• _AVAILABLE DATA_:
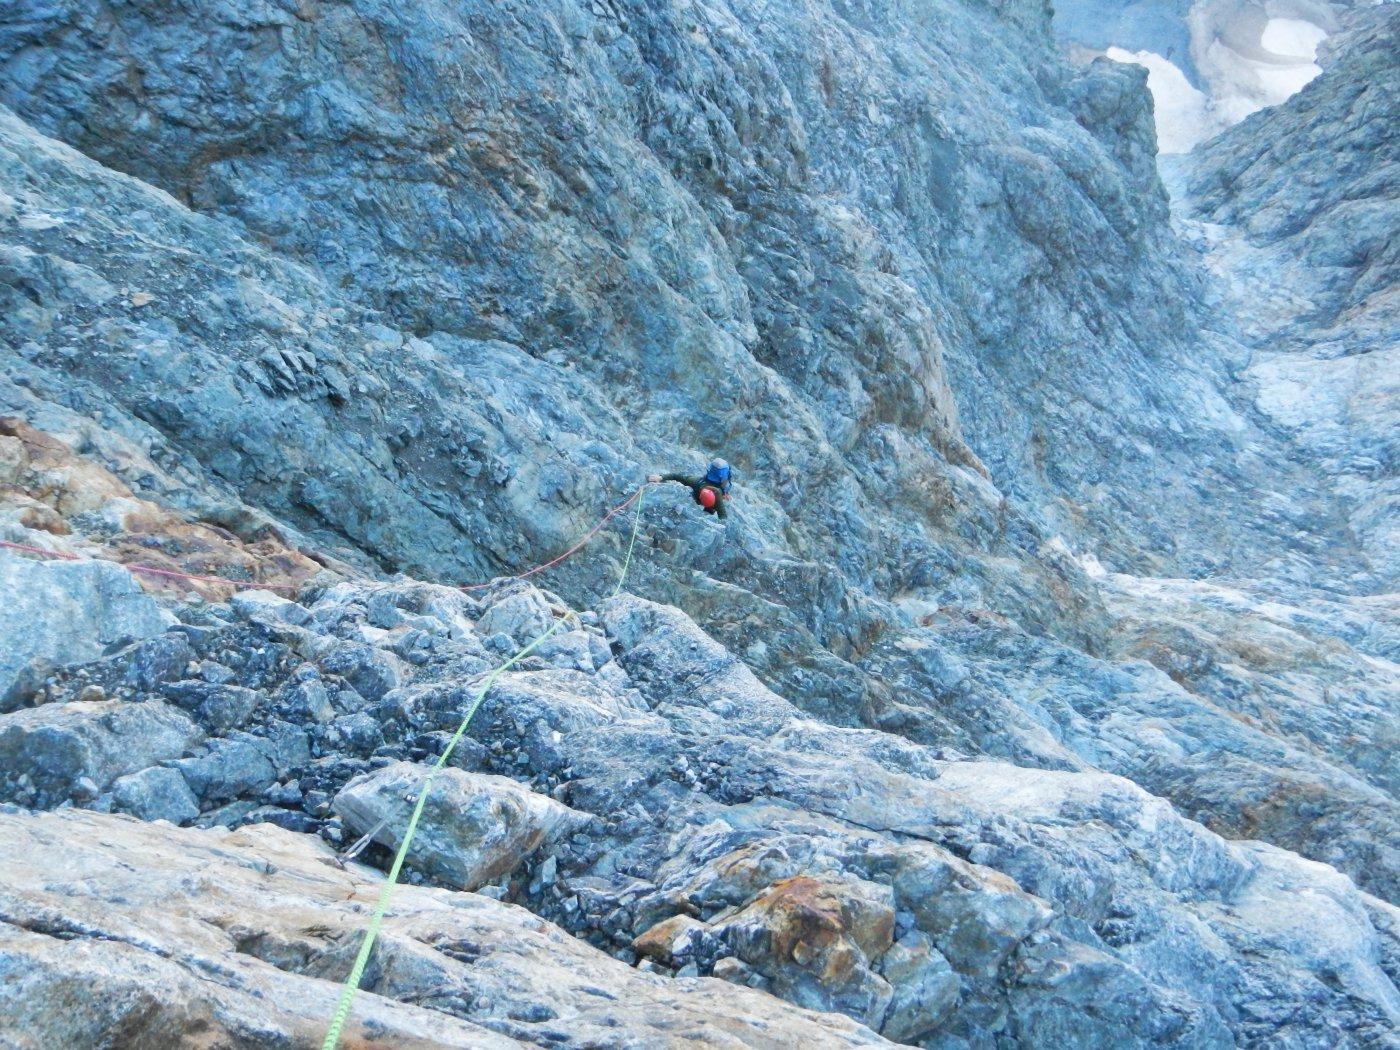 arrampicata parte bassa
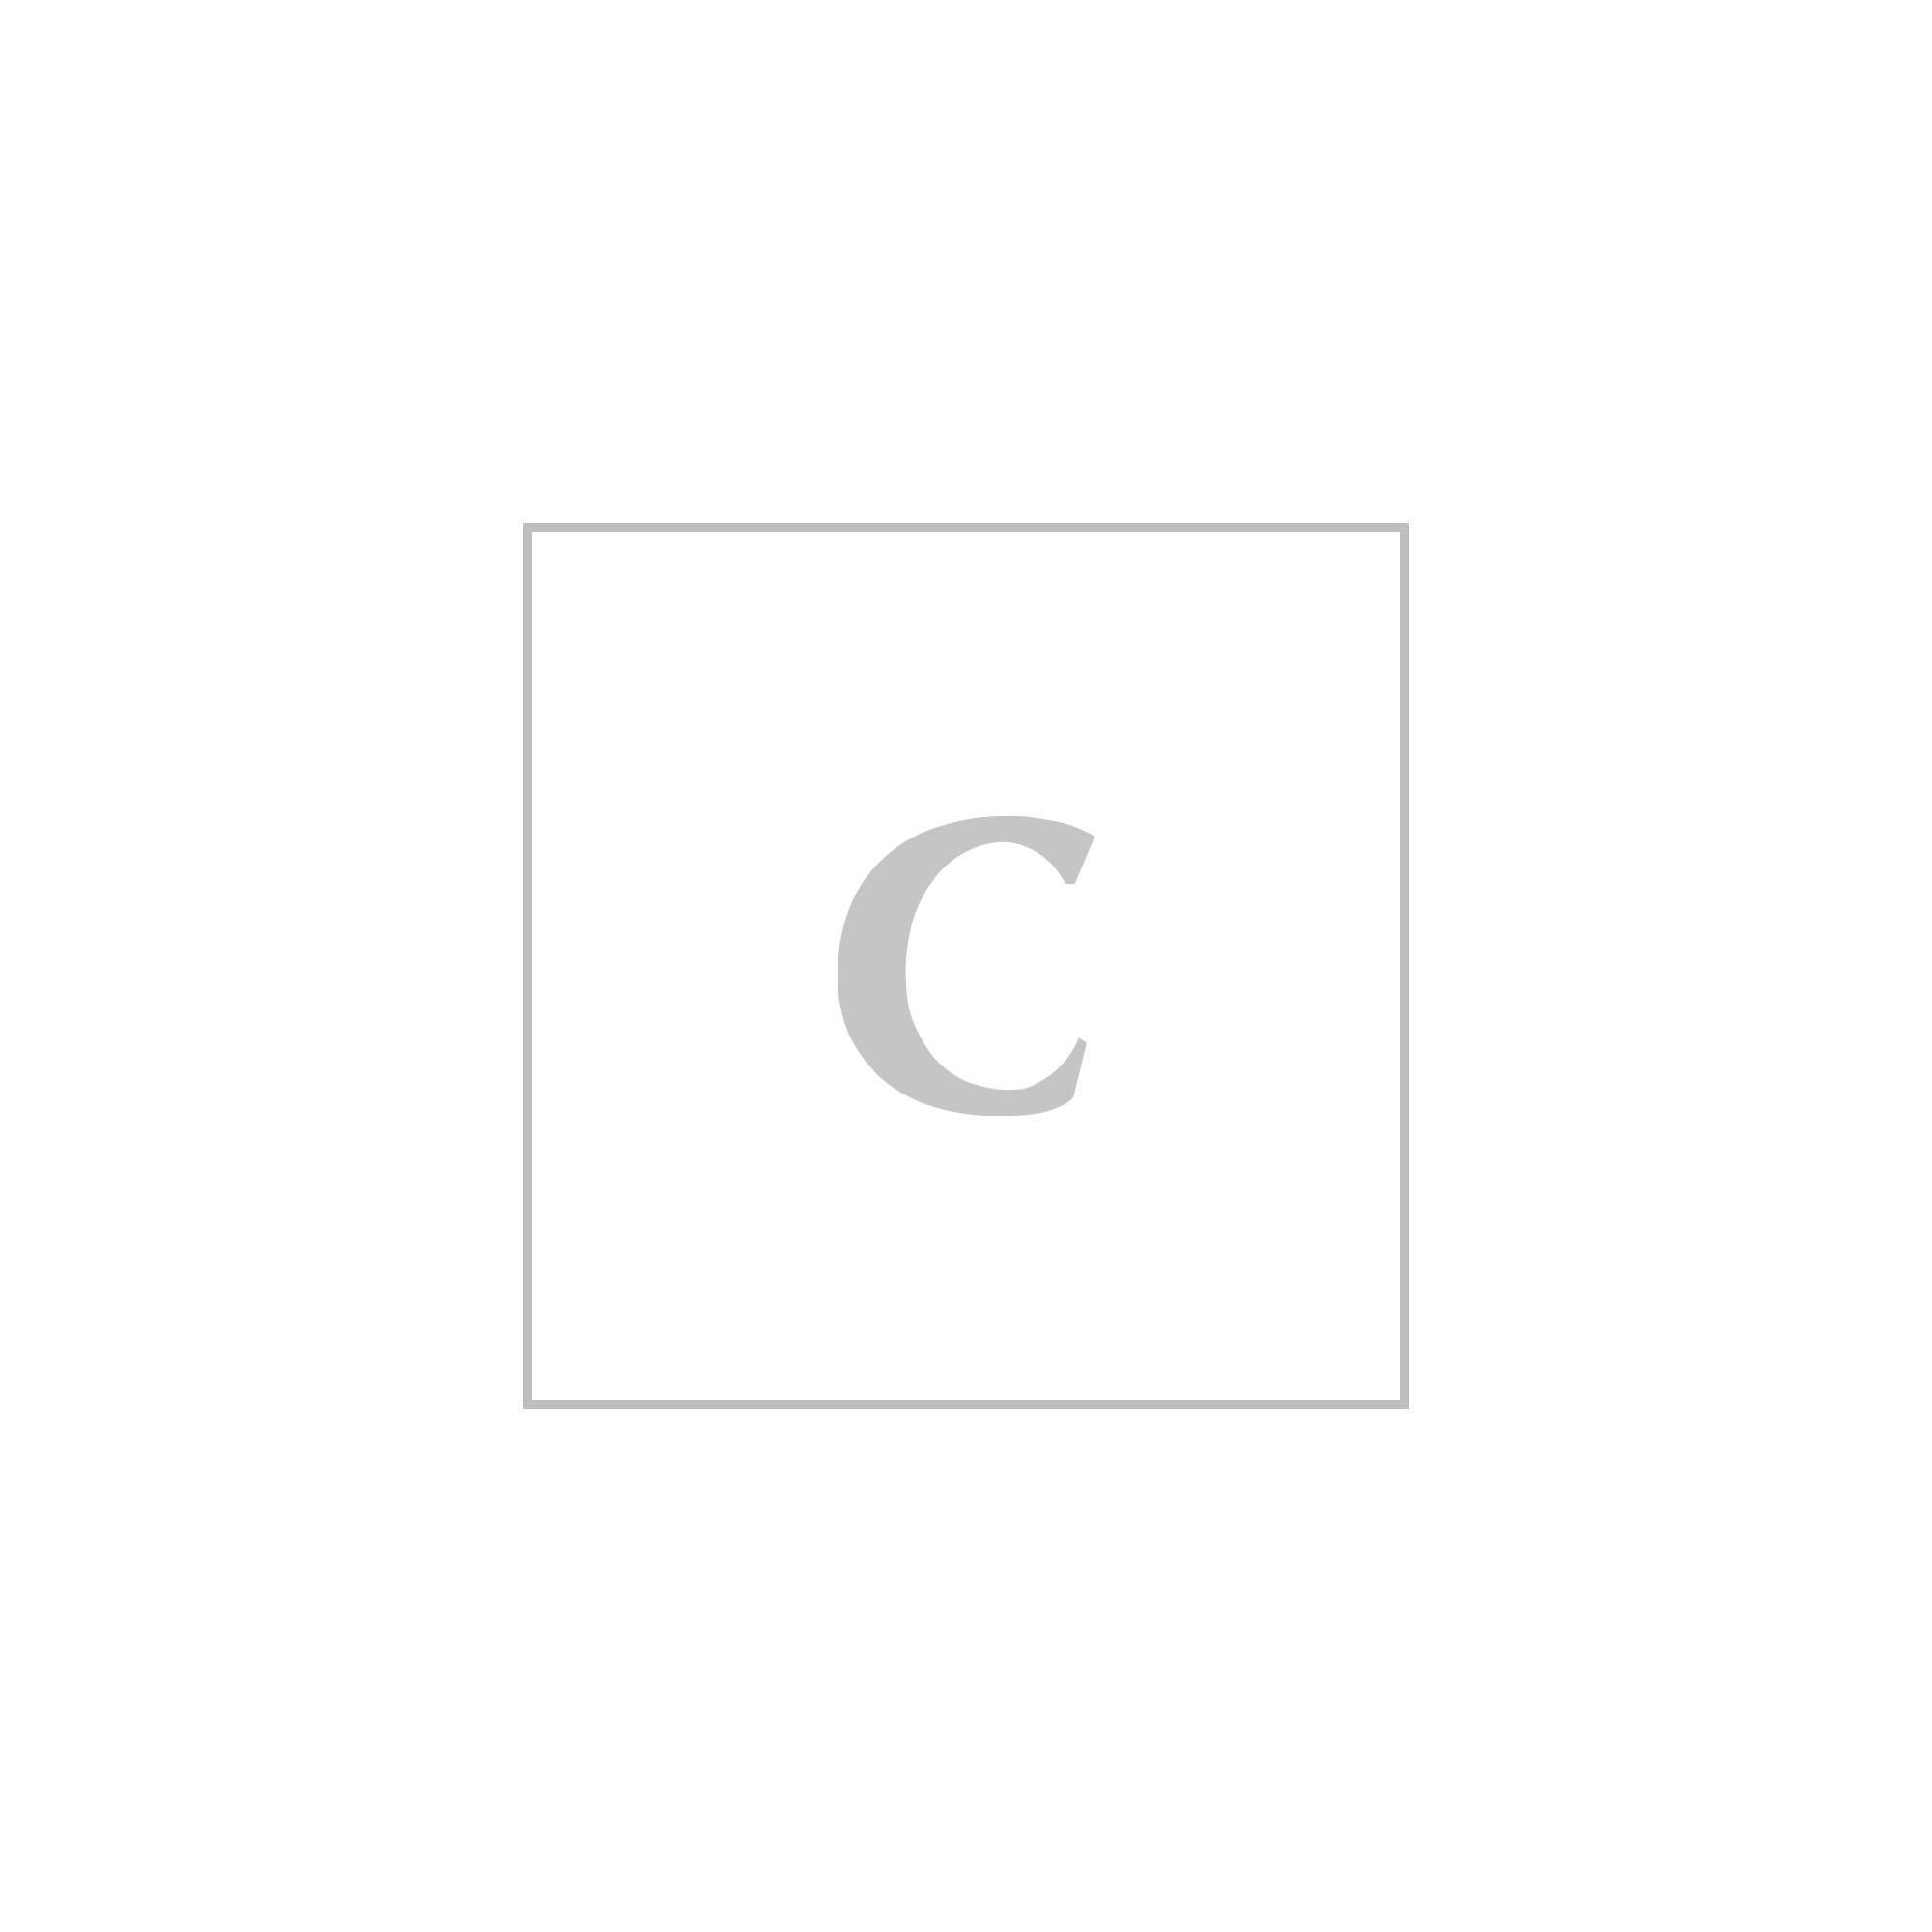 Fendi elite calfskin continental wallet
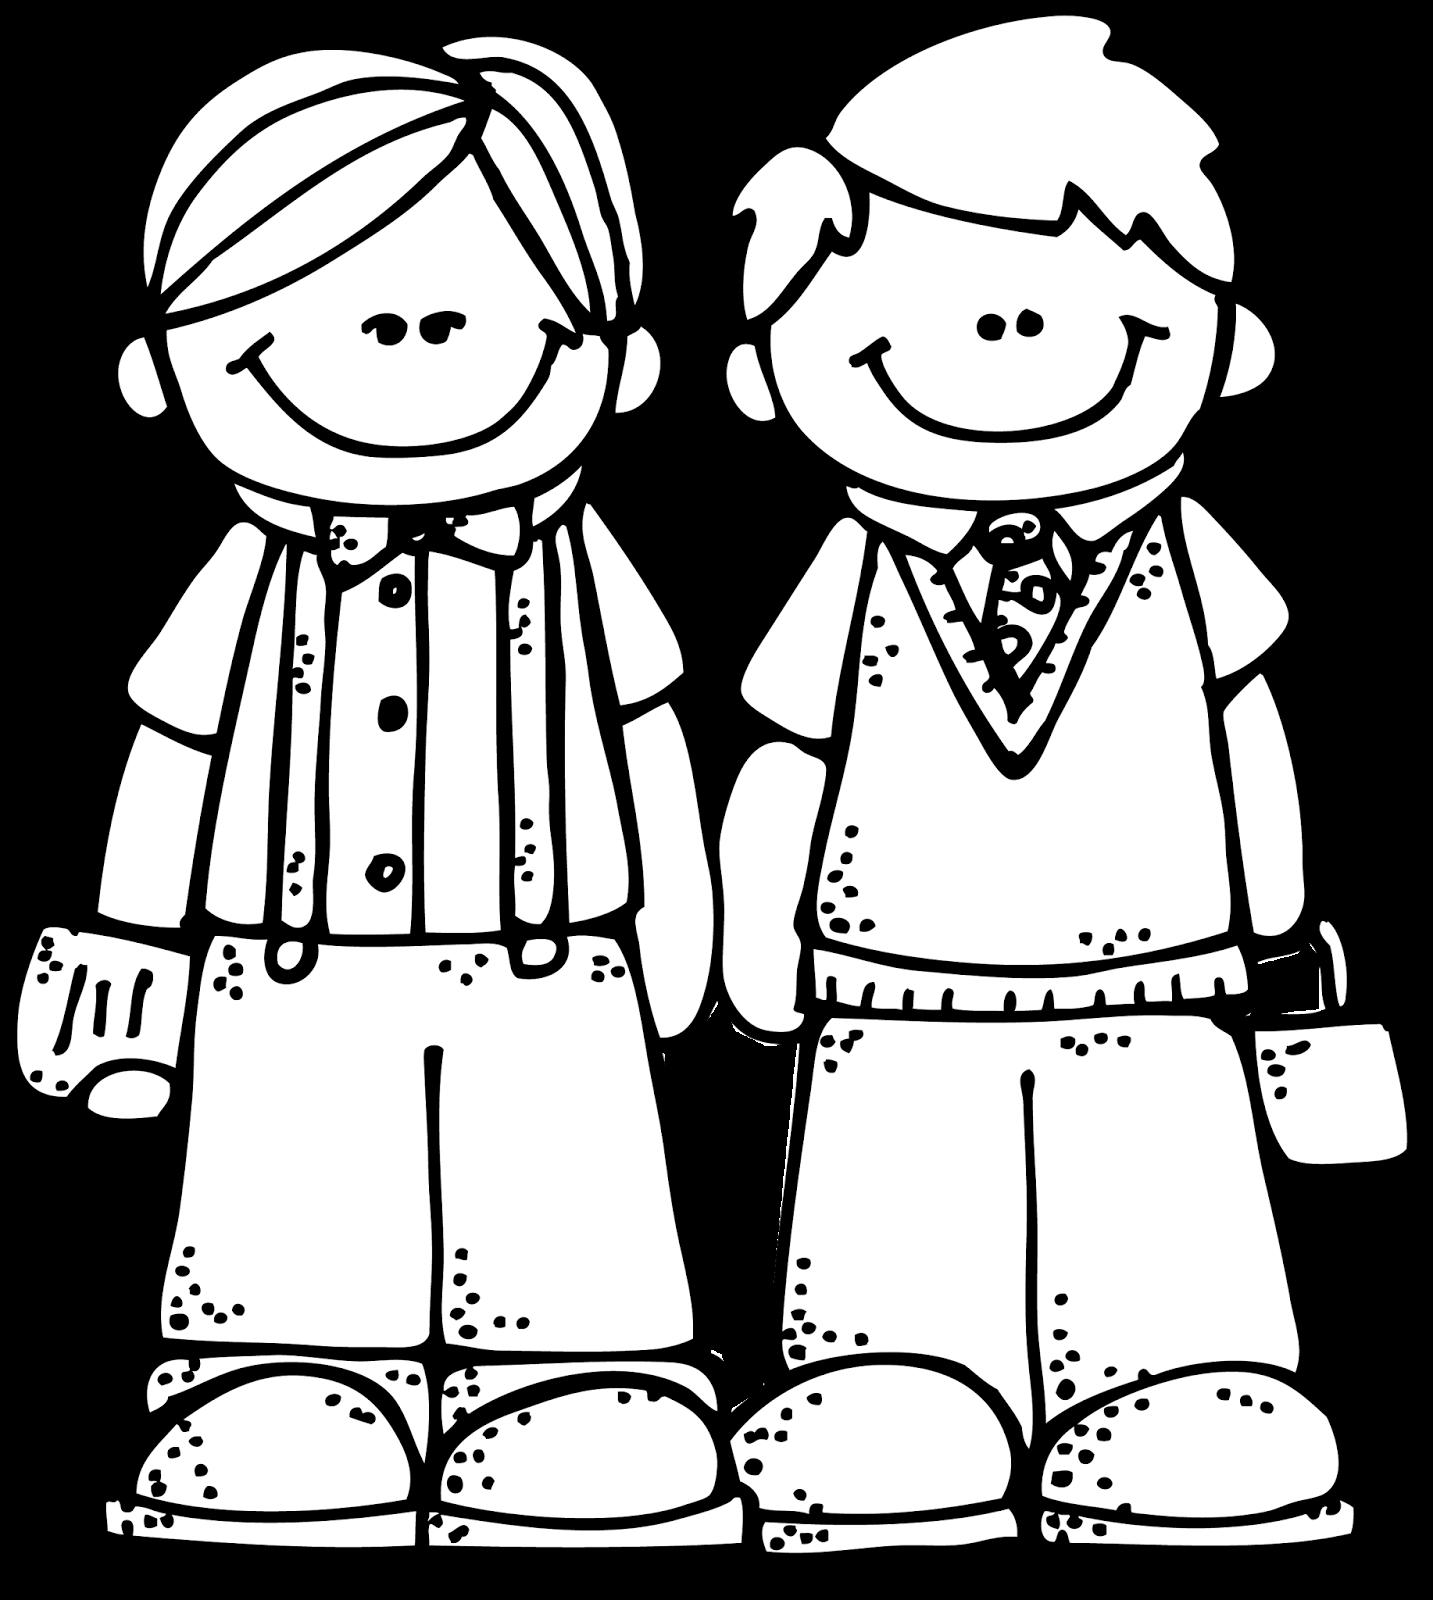 Friends art by melonheadz. Friendship clipart black and white

• _EXERCISE AIM_: Keep every word of the data as it is when you write it out, but drop the pictures.

• _YOUR RESPONSE_:
 arrampicata parte bassa
 Fendi elite calfskin continental wallet
 Friends art by melonheadz. Friendship clipart black and white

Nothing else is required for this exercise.